SUPPLIED MATERIAL -
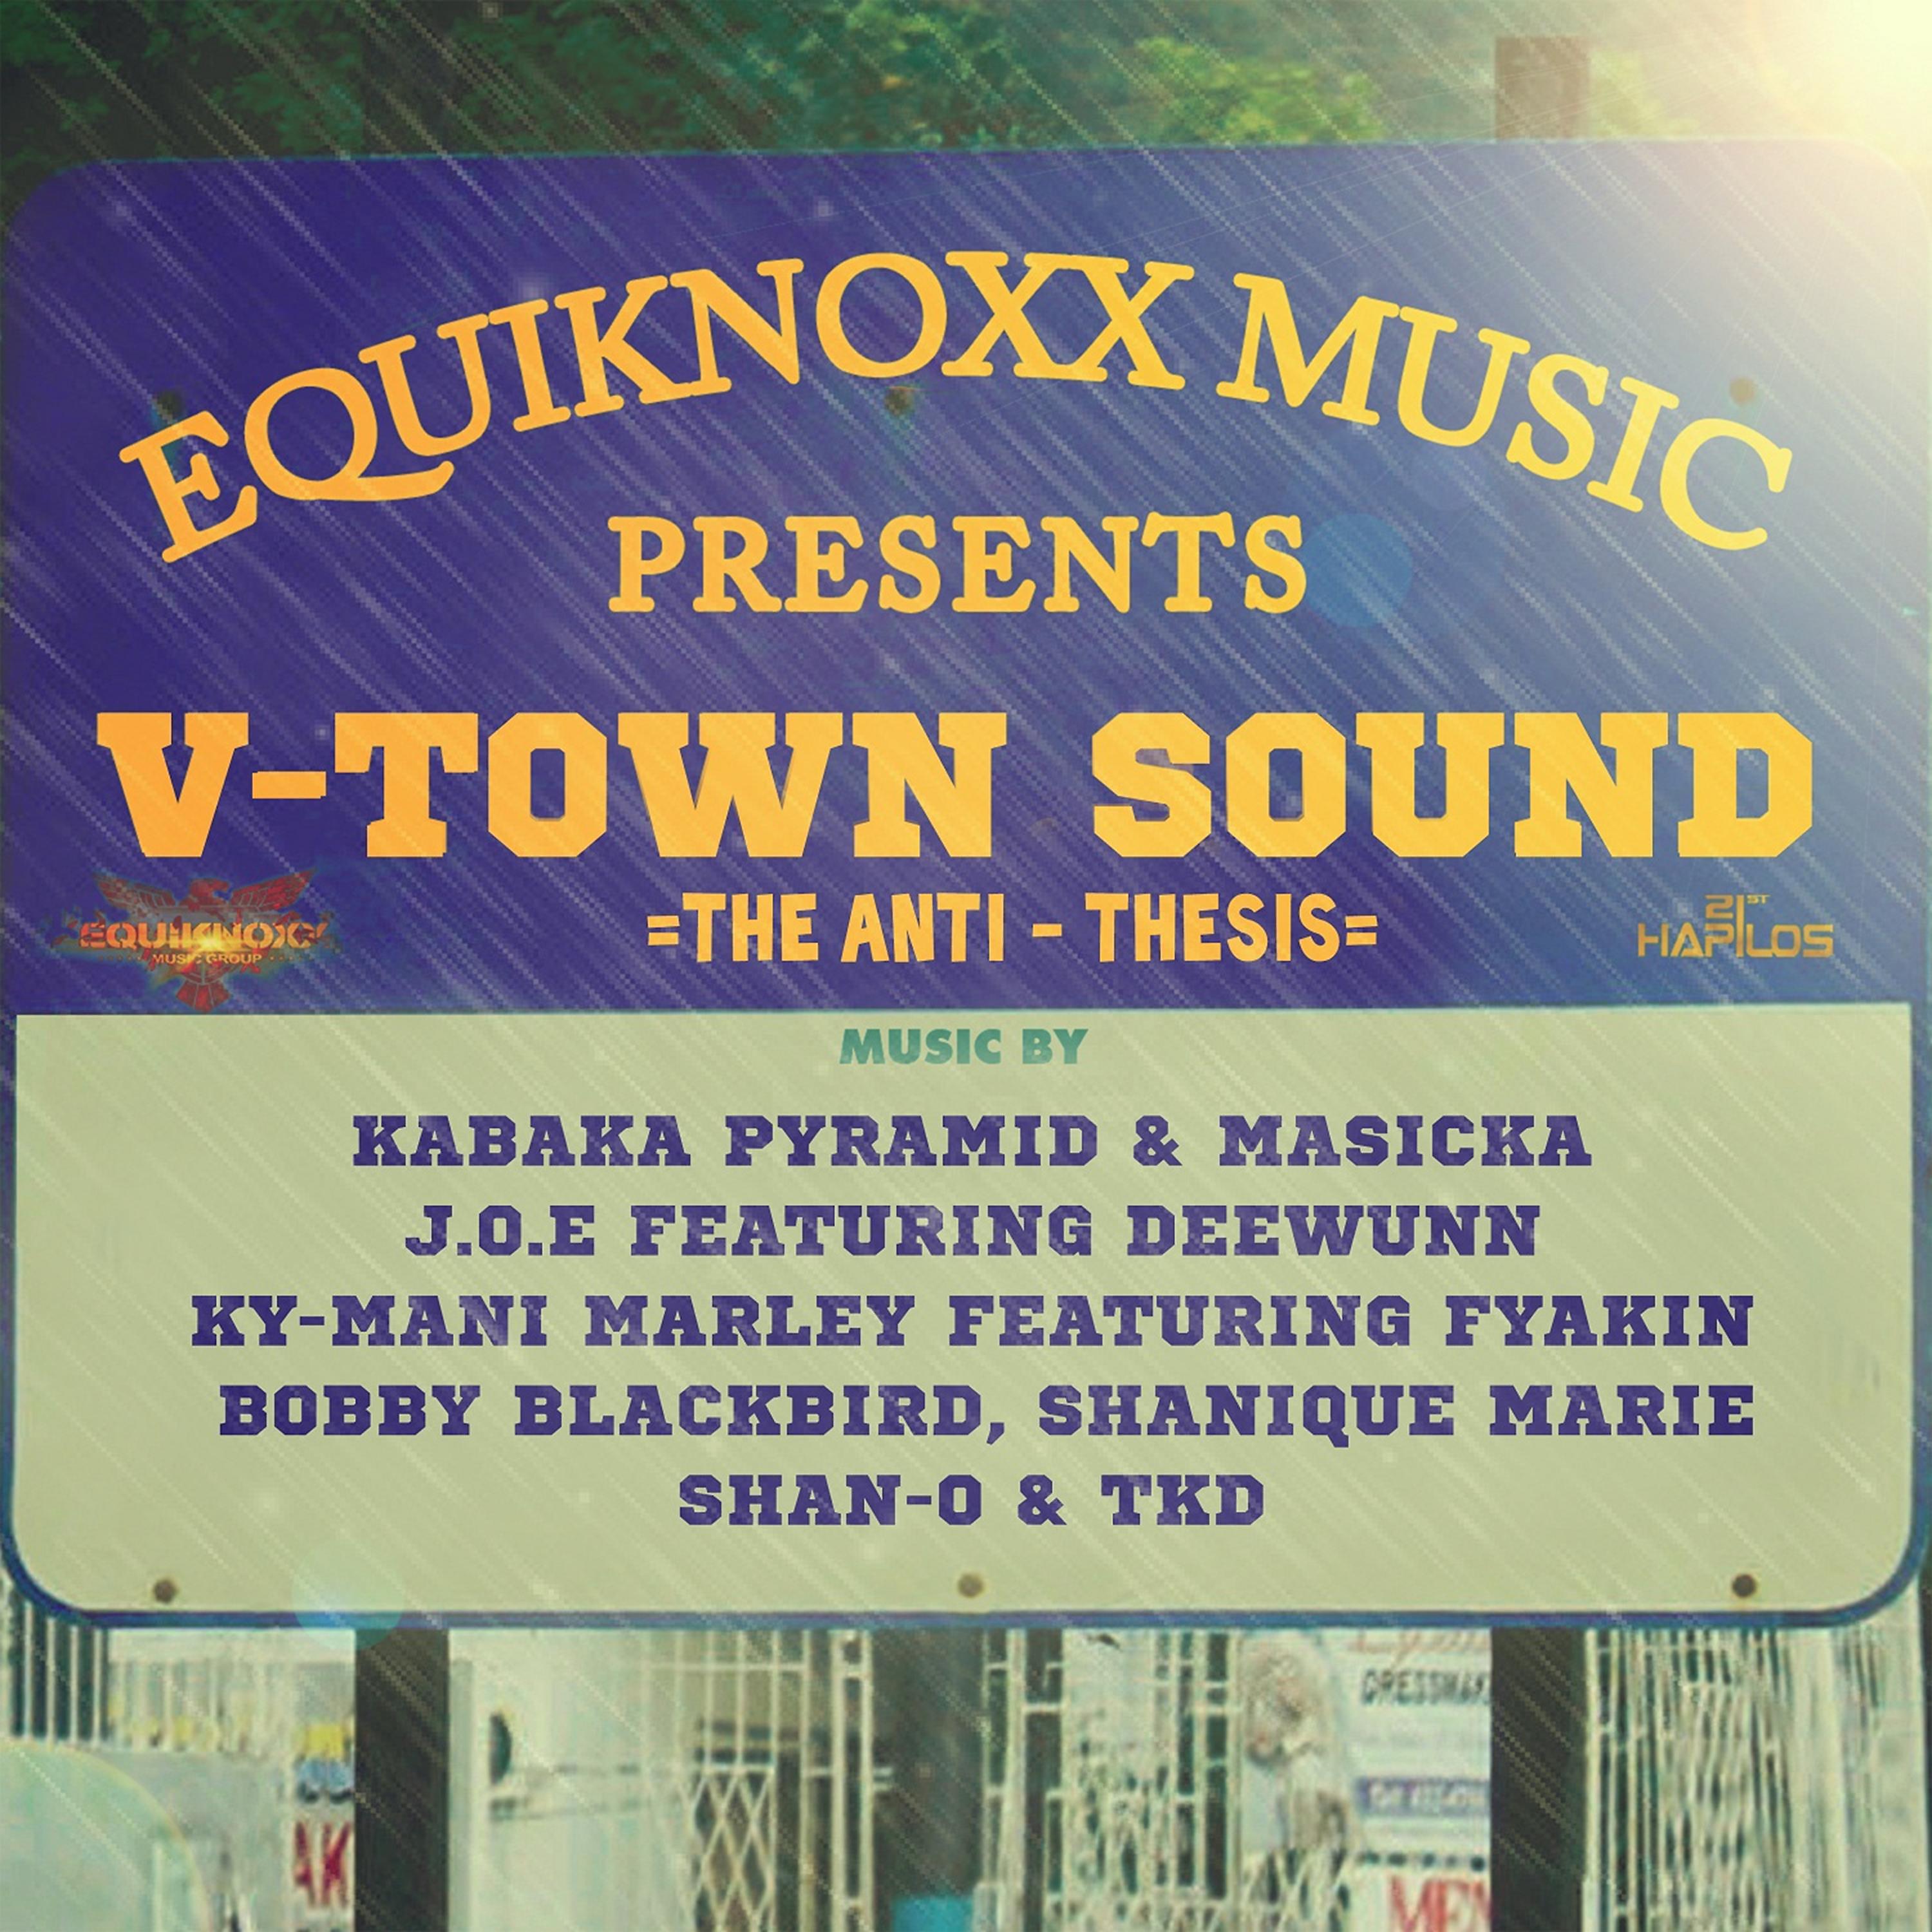 Постер альбома Equiknoxx Music Presents V-Town Sound: The Anti-Thesis
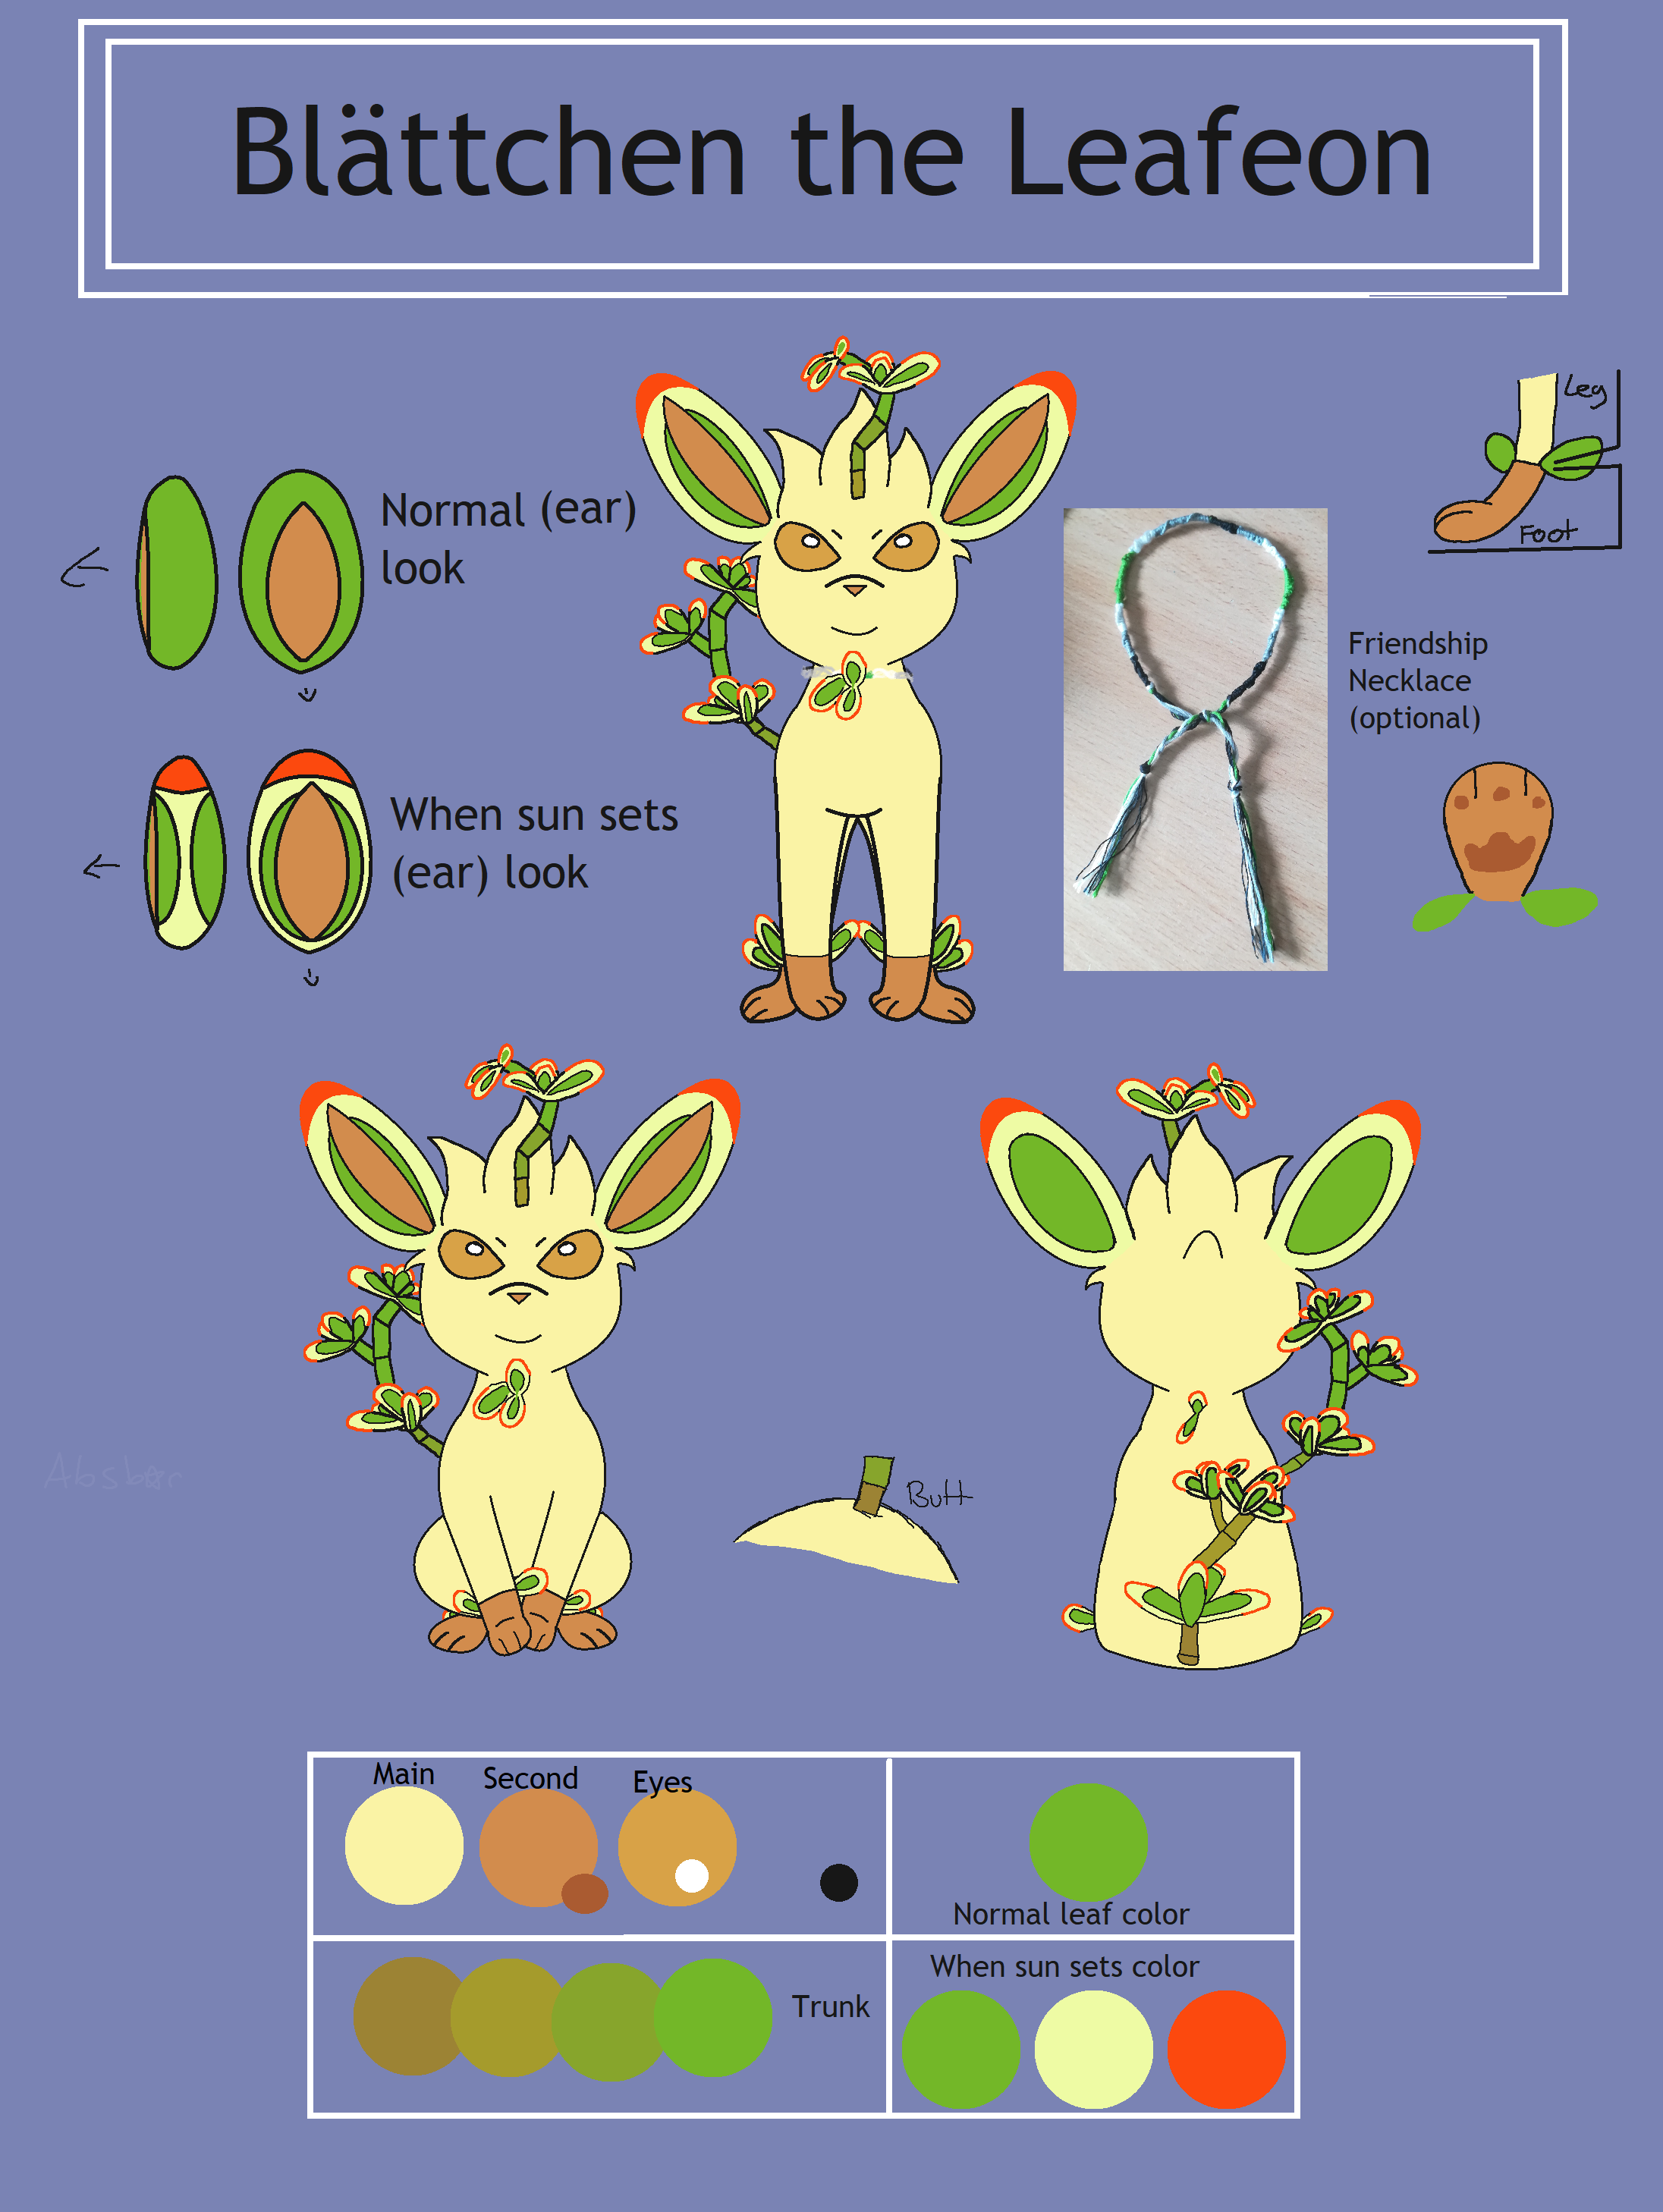 How to make a WORBLA BREASTPLATE for your (Pokemon Leafeon
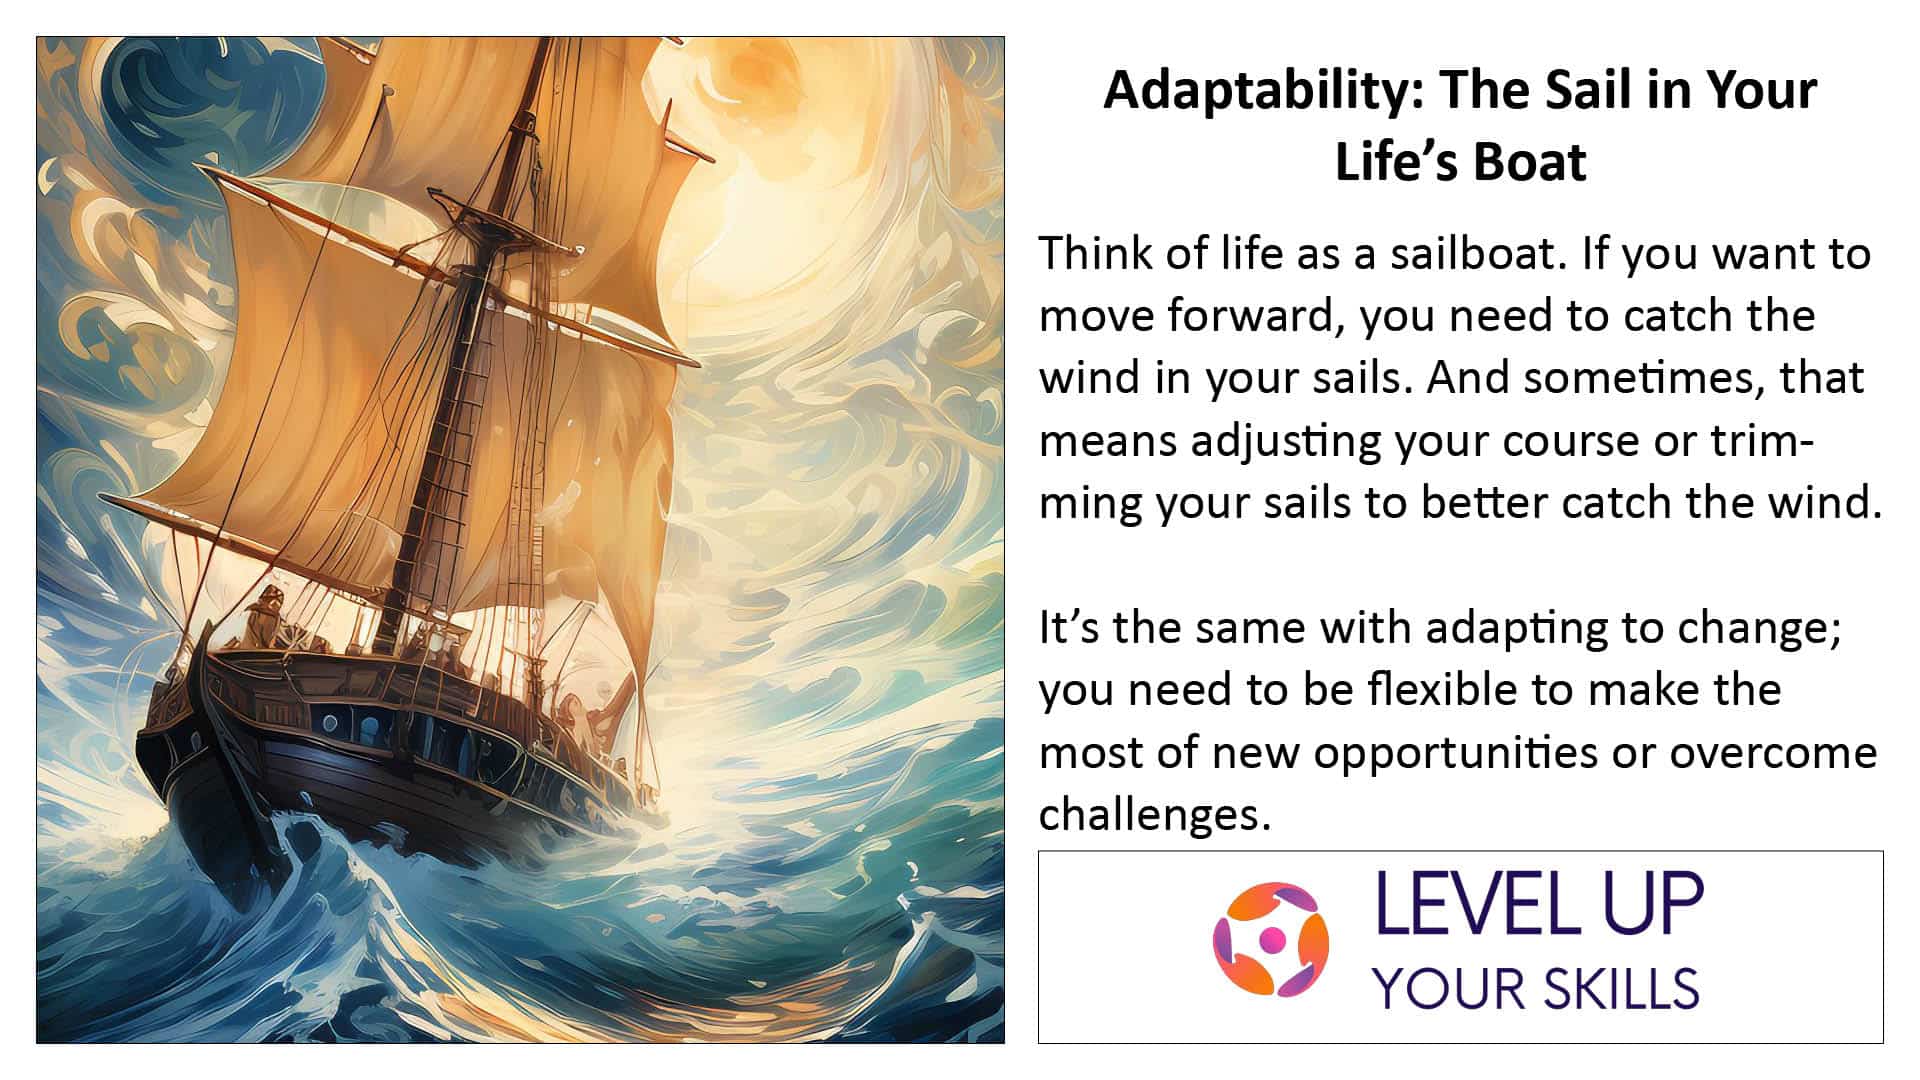 Adaptability: The Sail In Your Life's Boat

GOAL OF THE EXERCISE -
From the first line to the last, retype the data above exactly, but not its images.

REPLY -
 Постер альбома Equiknoxx Music Presents V-Town Sound: The Anti-Thesis
 How to make a WORBLA BREASTPLATE for your (Pokemon Leafeon
 Adaptability: The Sail In Your Life's Boat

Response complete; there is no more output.